90年9月の複数政党制導入の決定に基づき、91年1月、複数政党制の下、初の国民議会選挙が実施され、「民主主義のための運動」(MPD)が勝利を収めた。また、同年2月、独立以来初めて直接投票による大統領選挙が実施され、MPD支持のモンテイロ候補が現職大統領を破って選出され、同年4月に新政府が発足した。政権交代は極めて模範的かつ平和裡に行われ、国際社会からも西アフリカにおける民主主義の成功例として高く評価された。95年12月の国民議会選挙においてMPDが引き続き勝利を収め、96年2月の大統領選挙ではモンテイロ大統領が再選されたが、2001年1月の国民議会選挙ではカーボヴェルデ・アフリカ独立党(PAICV)が勝利し、同年2月の大統領選挙においてもペドロ・ピレスPAICV候補がMPDの候補を破り当選した。

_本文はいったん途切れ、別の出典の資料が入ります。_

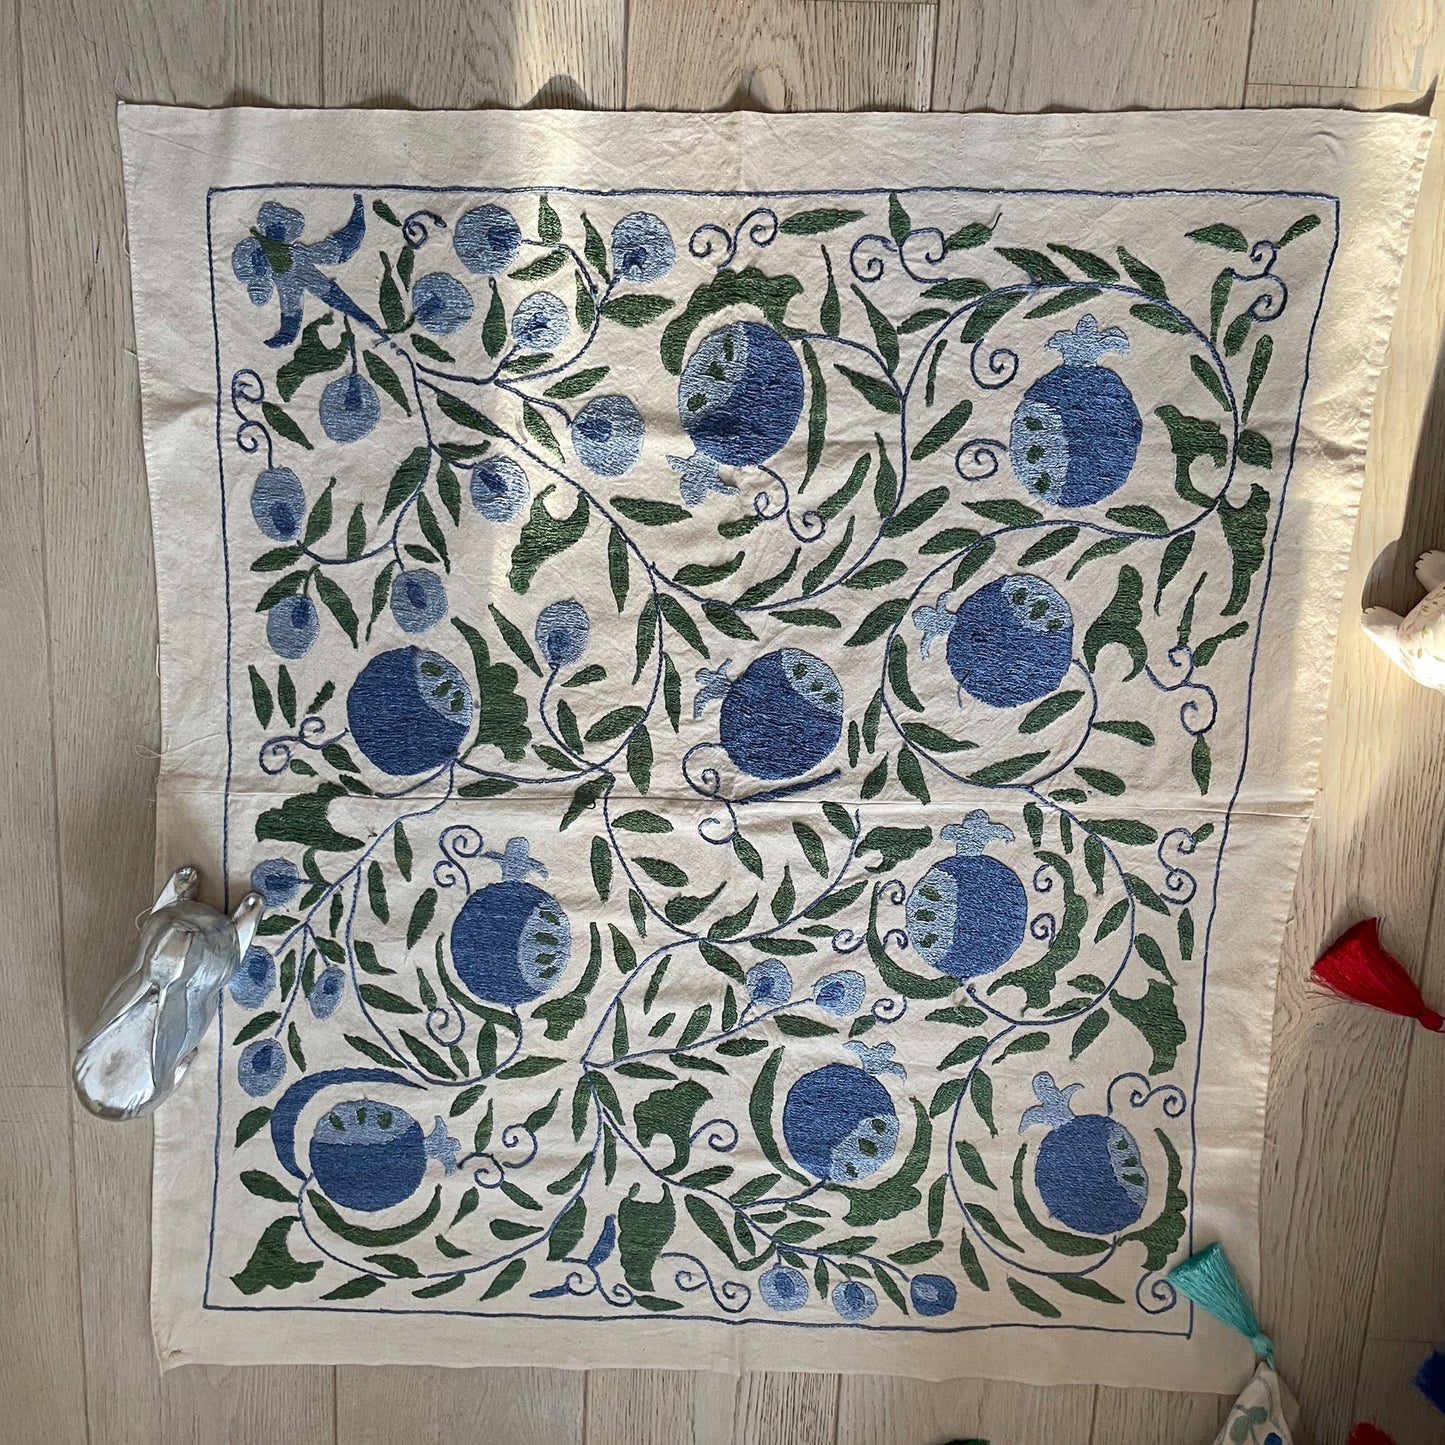 Uzbeki Suzani Hand Embroidered Textile Wall Hanging | Home Décor | Square | 100cm x 100cm SUZ0410001 - Wildash London

外交面では、善隣友好、非同盟を基本とする現実路線を堅持している。近年は、近隣諸国との関係強化に努めるとともに、経済協力、外国投資誘致の観点から、先進諸国との関係を強化している。
経済面では、農業・漁業が主要産業となっている。しかし、島国であることに加え火山性で起伏の多い地形や乾燥気候による降雨不足のため、農業生産、飲料水、電力の確保は困難な状況にある。食糧の自給率は15%程度と低く、外国からの食糧援助に依存している。同国の外貨獲得源は本国在住人口を上回る在外移民からの送金、海上・航空の交通に係る中継地収益であるが、慢性的財政赤字を補うには程遠い。国家開発計画においては、経済成長促進、貧困撲滅、民間部門活性化、地方分権化等に重点が置かれている。
我が国は、カーボヴェルデからマグロ等を輸入し(2000年輸入額5.5万ドル)、同国に自動車等を輸出している(同輸出額405万ドル)。